### Problem to solve
Only the lines from the line with "Oregon coast north" through the end of the records belong in your reply, copied exactly, with every picture left out.

Records from a dataset
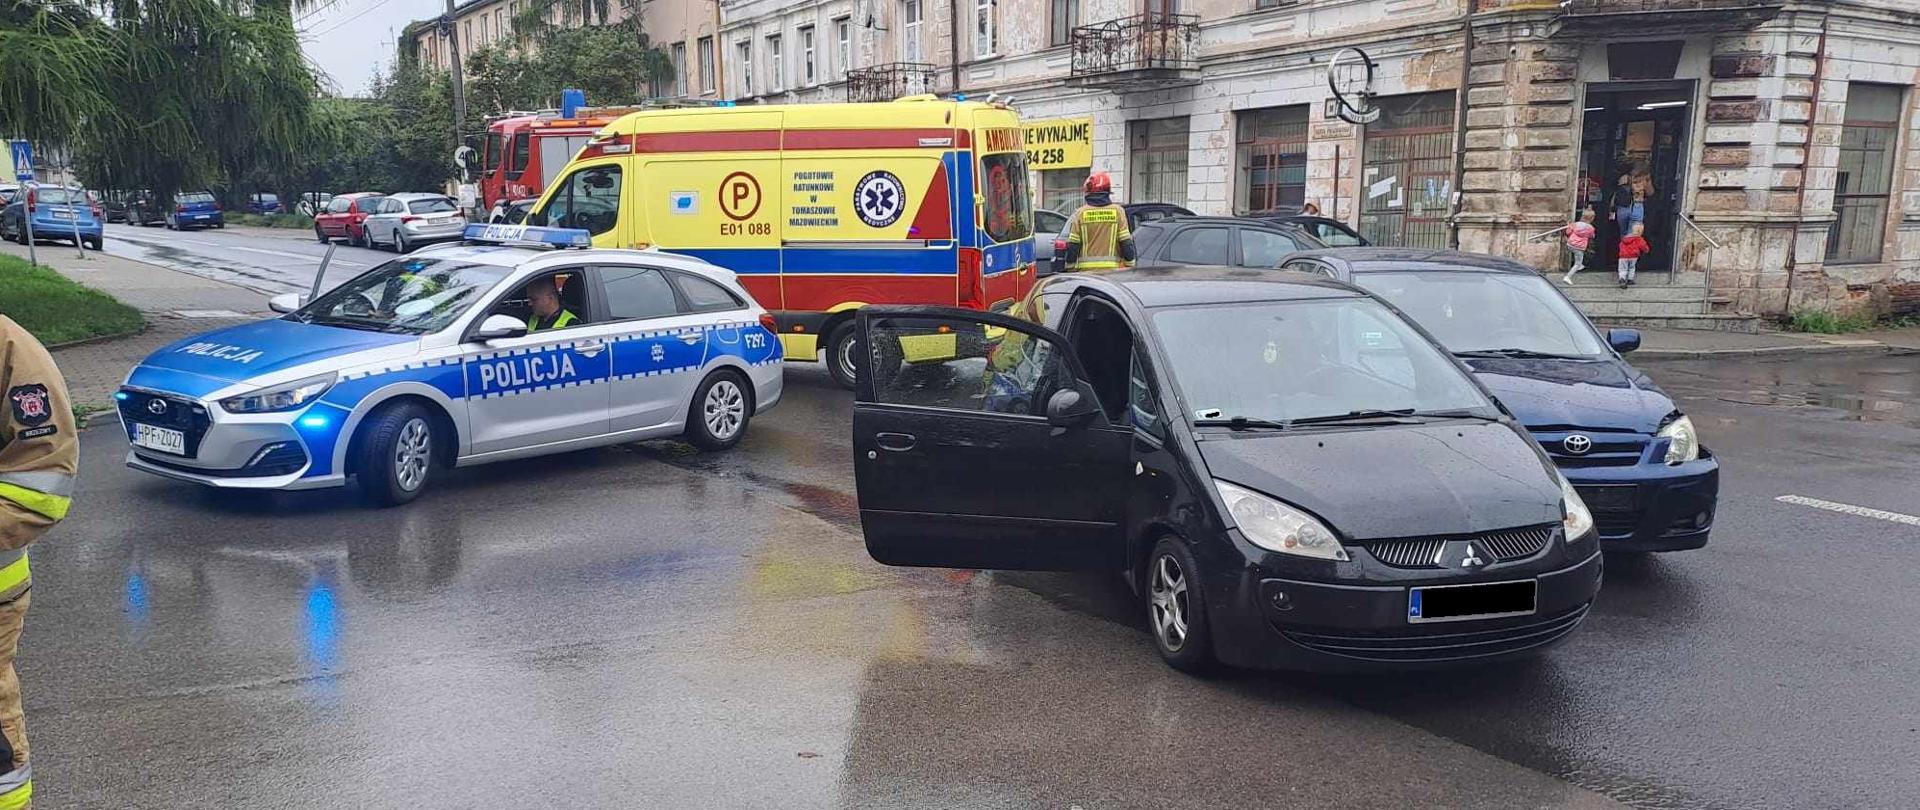 Skrzyżowania w centrum Brzeziny dwa samochody po kolizji granatowa Toyota oraz czarne Mitsubishi. Na drugim planie samochód Policji oraz ambulans.
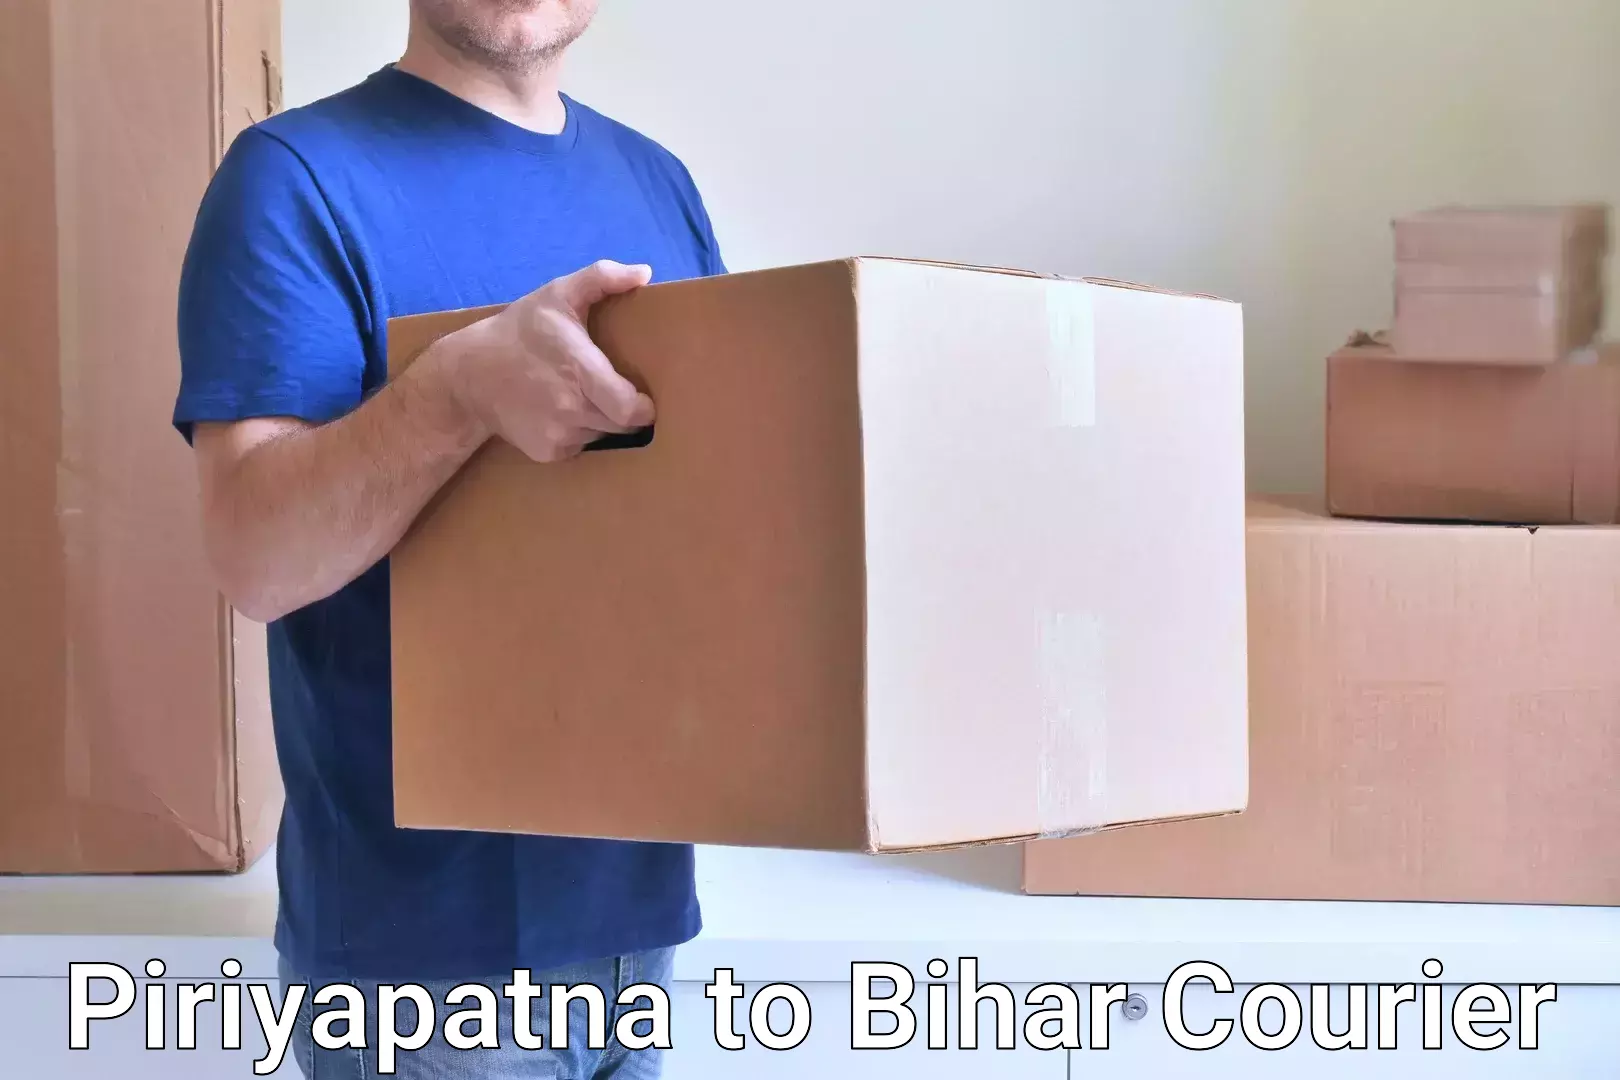 Premium courier services Piriyapatna to Aurai
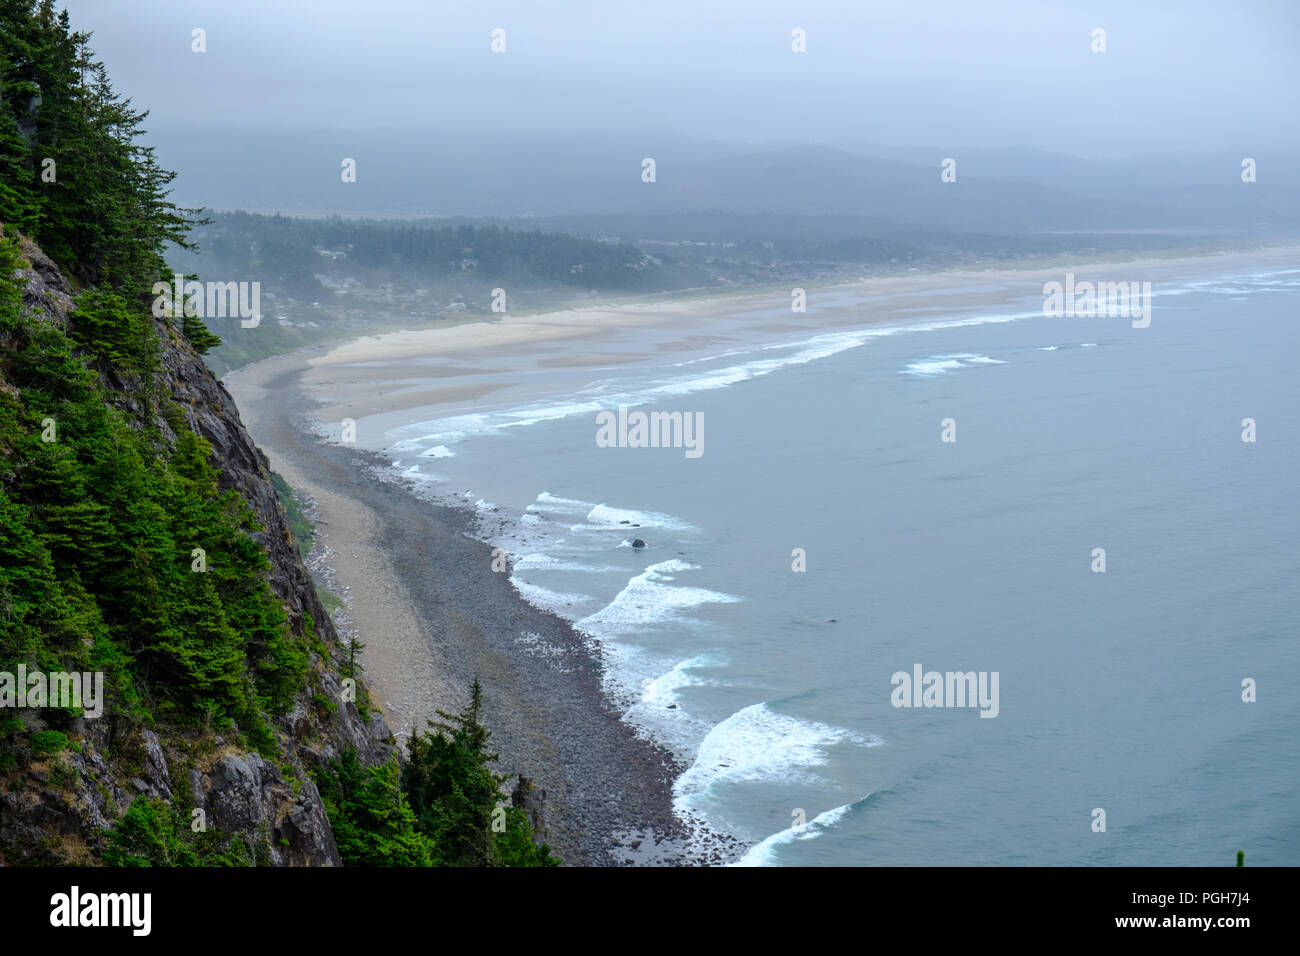 Oregon coast north of Garibaldi, USA Stock Photo
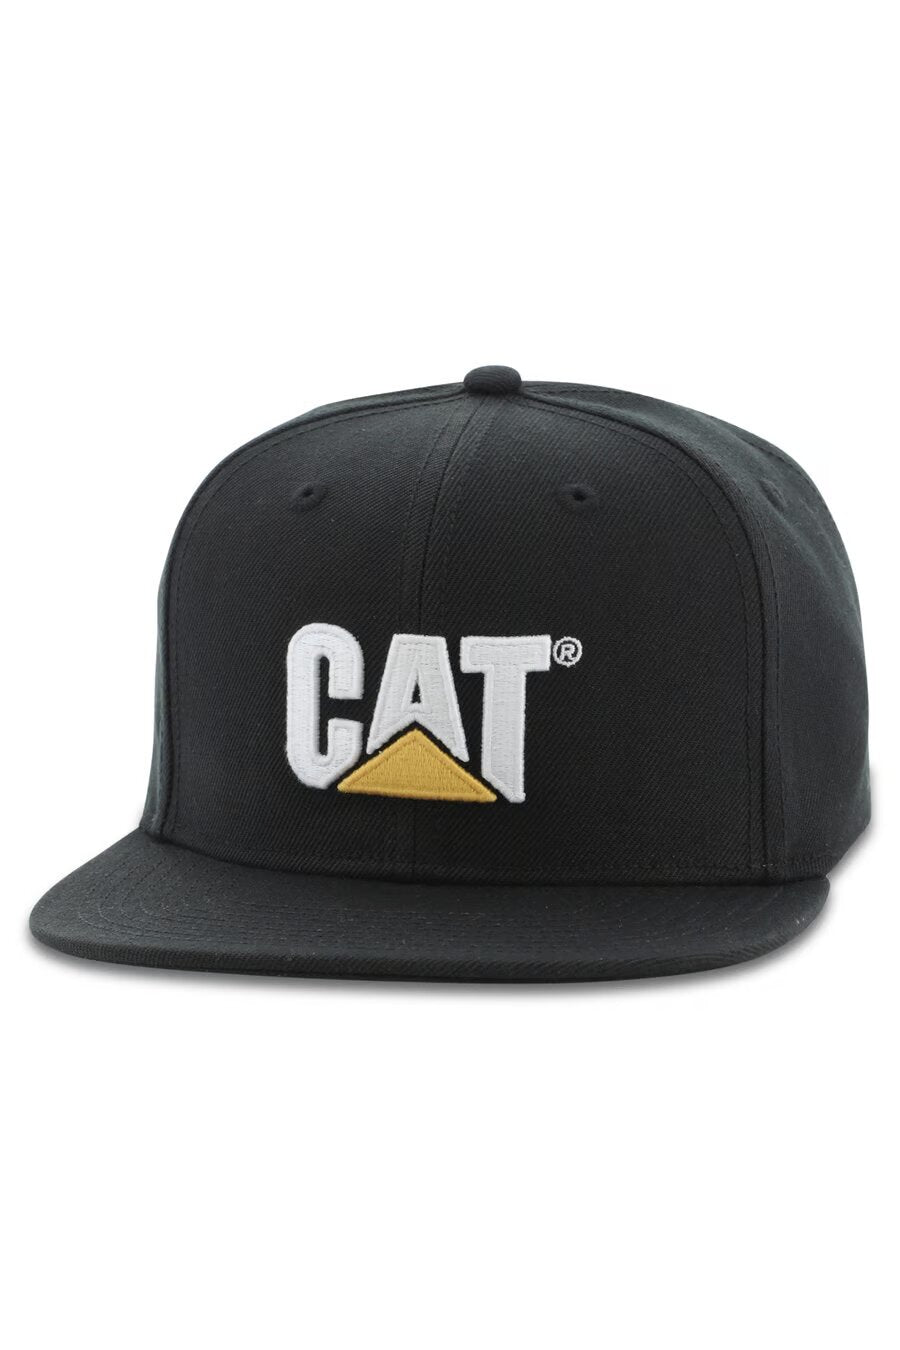 CAT Sheridan Flat Bill Caps
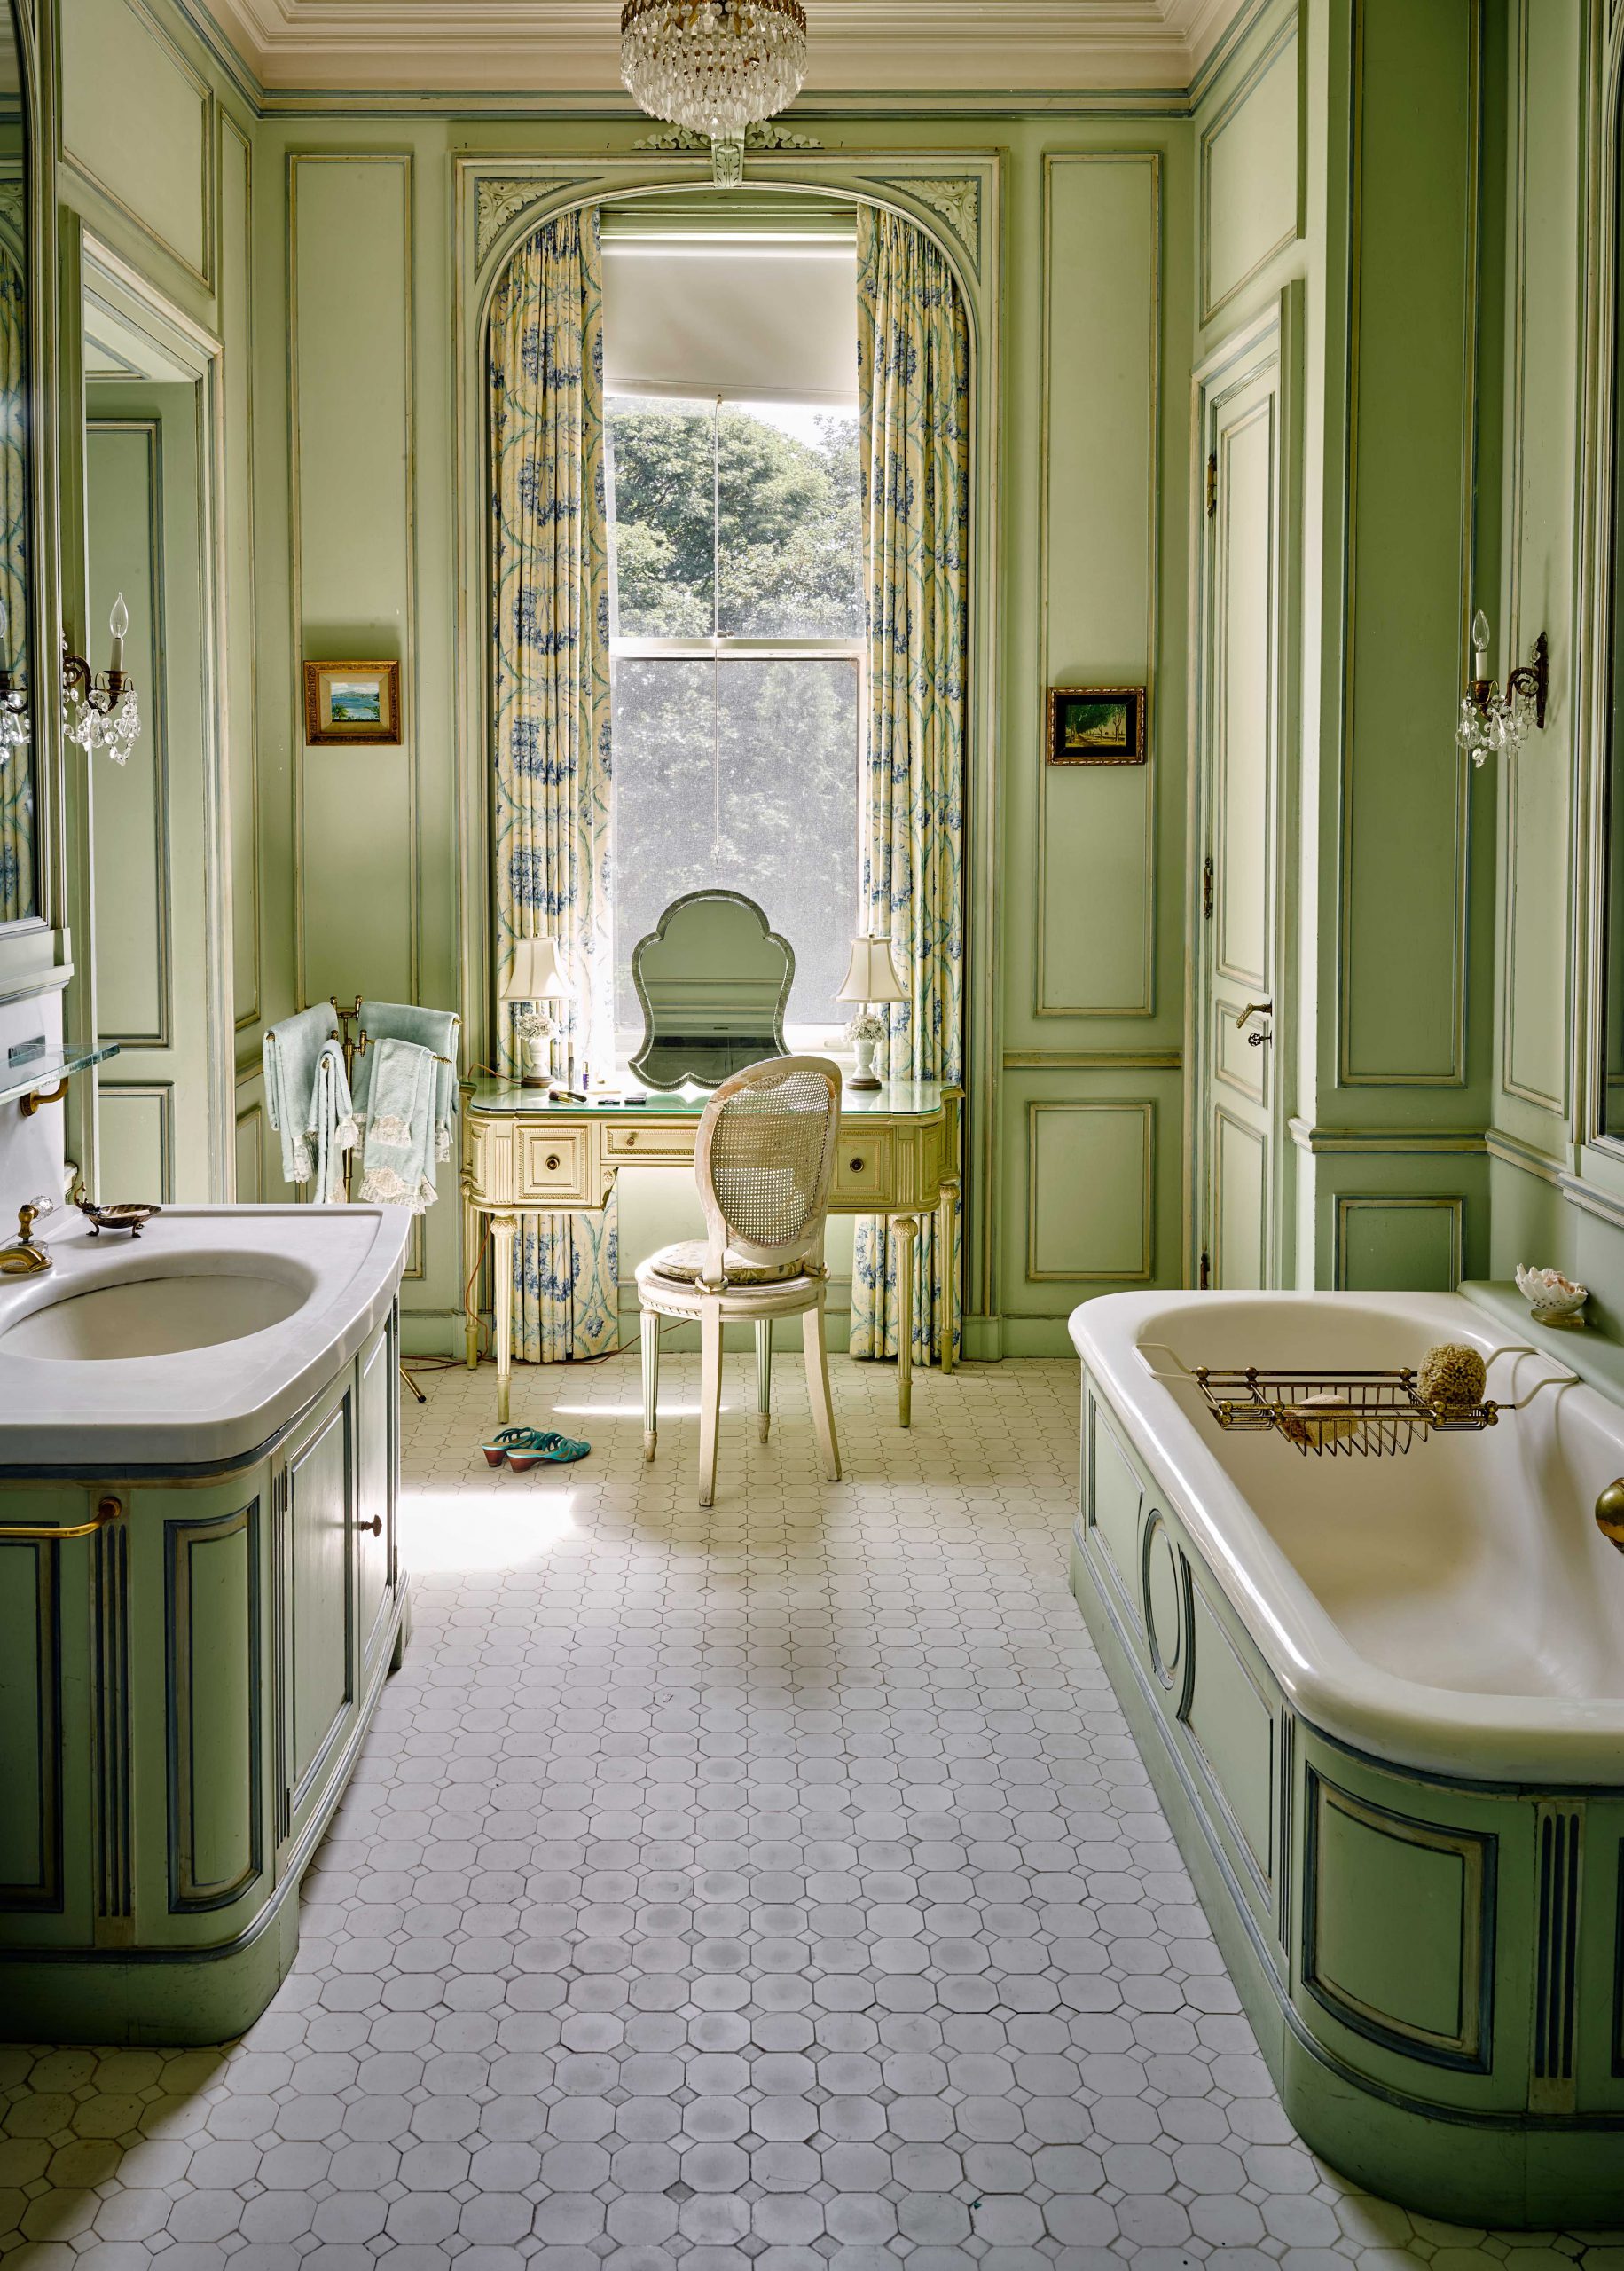 A Vintage Green Bathroom

### Response box
 Oregon coast north of Garibaldi, USA Stock Photo
 CAT Sheridan Flat Bill Caps
 A Vintage Green Bathroom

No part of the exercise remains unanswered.